In Event Sourcing Church, we’re not doing that anymore. We’re not losing business data; we keep them. We keep them as events. Events are facts about what has happened, and we store them after each operation. And we’re also making a list like Santa, but we call it Event Stream. It’s a list of everything that has happened with our record. It’s a pity, but you cannot change events, as they’re immutable. But you can add a new one in the end and fix your past mistakes. When making decisions, just like Santa, we’re reading and checking a list of events (not always twice; we’re busy, as we’re working more than one day a year).

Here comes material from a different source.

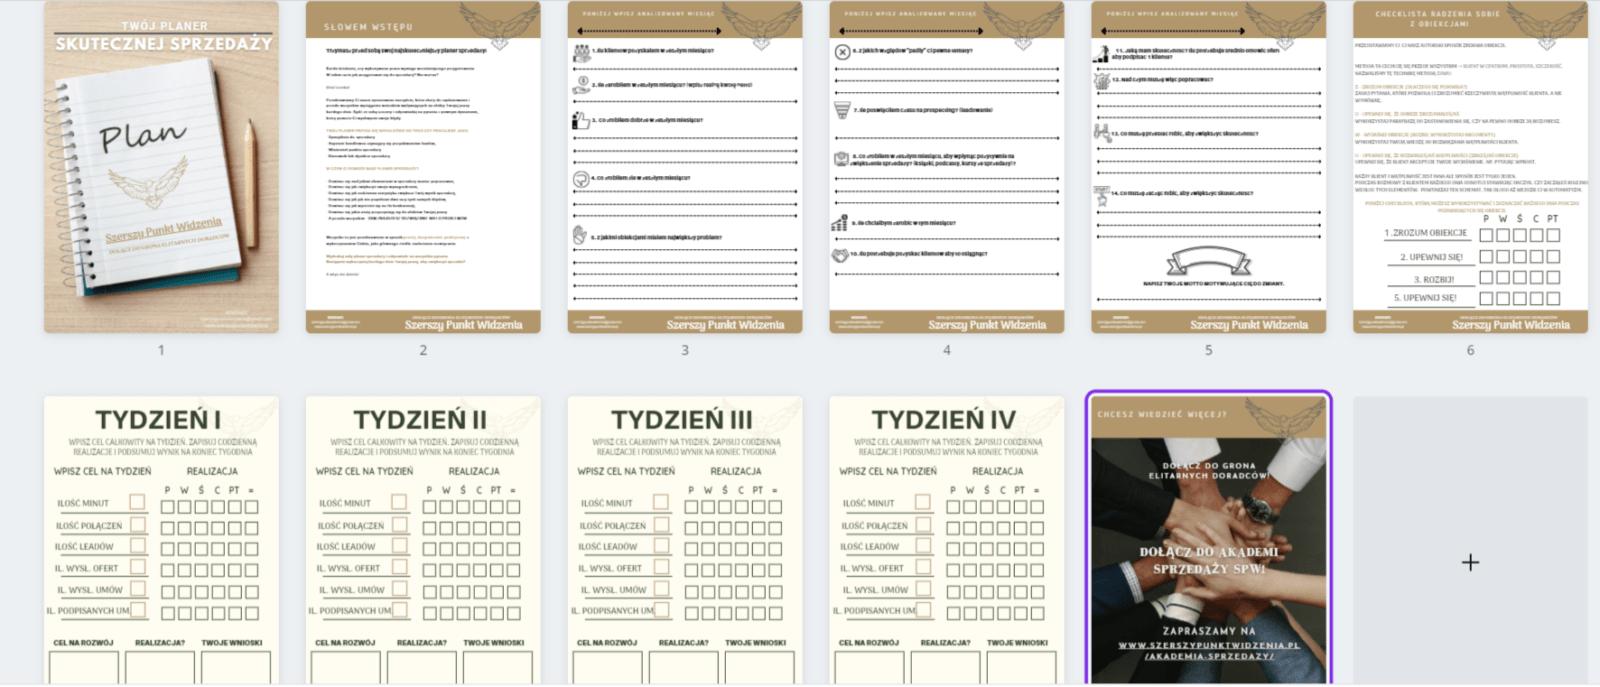 Planer sprzedaży do druku pdf

If you join our Order, you’ll find your life more peaceful. We have a clear way of behaving.
We start modelling our process by discovering events:
Then we find commands, so intentions to run some action. Yes, we’re always having good intentions:
And we finish our mantra by defining business rules.

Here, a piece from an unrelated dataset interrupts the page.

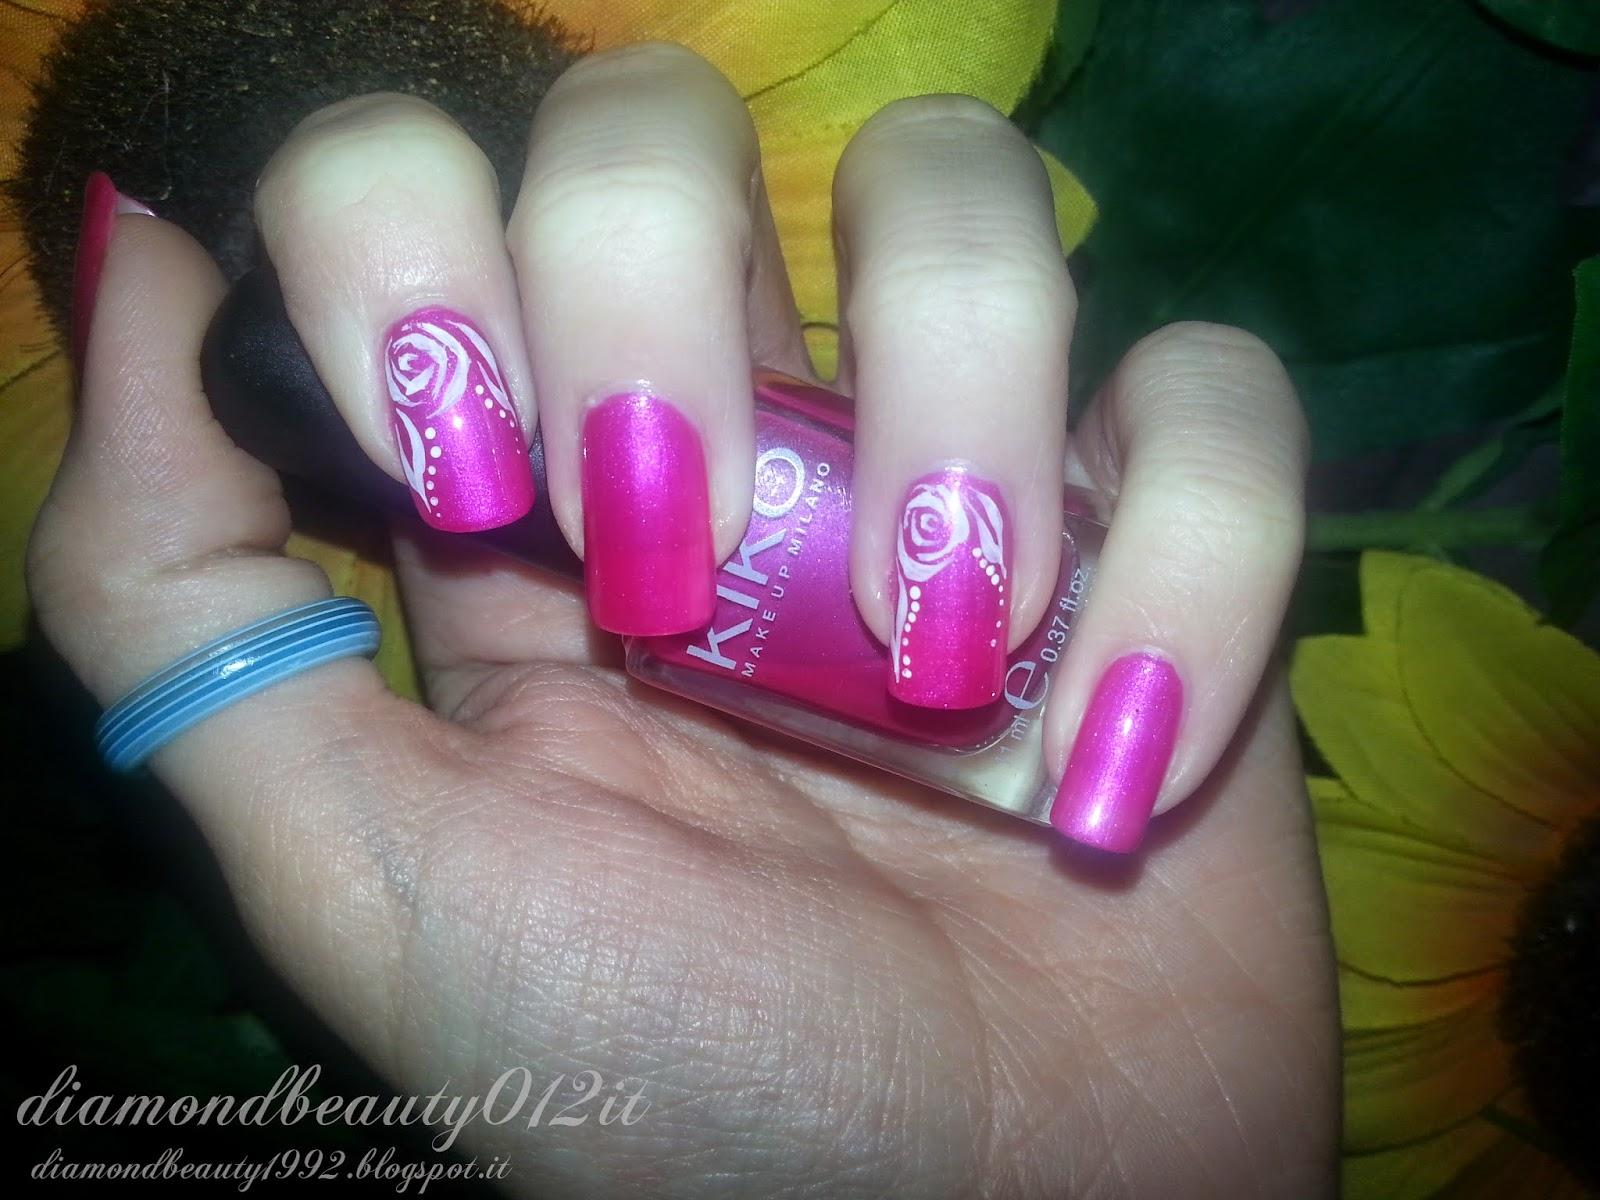 micropittura su unghie rosa stilizzata

Ok, we have a bit more, and we even have a “picture that explains everything” (per Alberto Brandolini):
Sounds a bit simpler than your past mantras, isn’t it?
But still, events are critical here. They tell the story and show us critical parts of the process. They’re building a shared understanding of the process between technical and business people.
Yet, time is running out! The storm is here; the end is coming, so let me tell you how you can help yourself get a second life.
If you’re deep into the misery of the DDD, so Database-Driven Design, you should not immediately drop all you had. You should embrace the past, do an examination of conscience and move on! What should you especially examine?
1. Look for status columns.
Find what values they had; quite often, they may reflect the lifetime phases of your data.
So, an order may be initiated, shipped, paid, etc. They can be transferable to events like Order Initiated, Order Shipped, Order Paid. Of course, be careful and don’t assume that they’re complete. They may be a flattened interpretation of the business process. Always consult that with someone who knows more: best with business.
Ah, and remember, in Event Sourcing Church, we don’t sware. We’re not naming events as Order Created, Order Updated, Order Deleted. I told you that you should drop your past sins and start fresh! State Obsession is a big sin in our decalogue, so beware!
2. Check for dates
Dates columns can tell you a lot about significant occurrences in your process’s lifetime. That speaks something if they’re significant enough to keep them as dedicated columns.
Of course, CreatedDate and ModifiedDate won’t tell you much, but ShipmentDate, DeliveryDate, and OrderPlacementDate will give you better information. They can tell you both about the business lingo, confirm our assumptions we got from statuses or introduce new events.
For instance:
- ShipmentDate would be a next clue for introducing Order Shipped event,
- OrderPlacementDate can suggest that Order Initiated event may be better named Order Placed, and best trigger discussion with the business if they’re actually the same thing,
- DeliveryDate may mean we should also introduce a new Order Delivered event.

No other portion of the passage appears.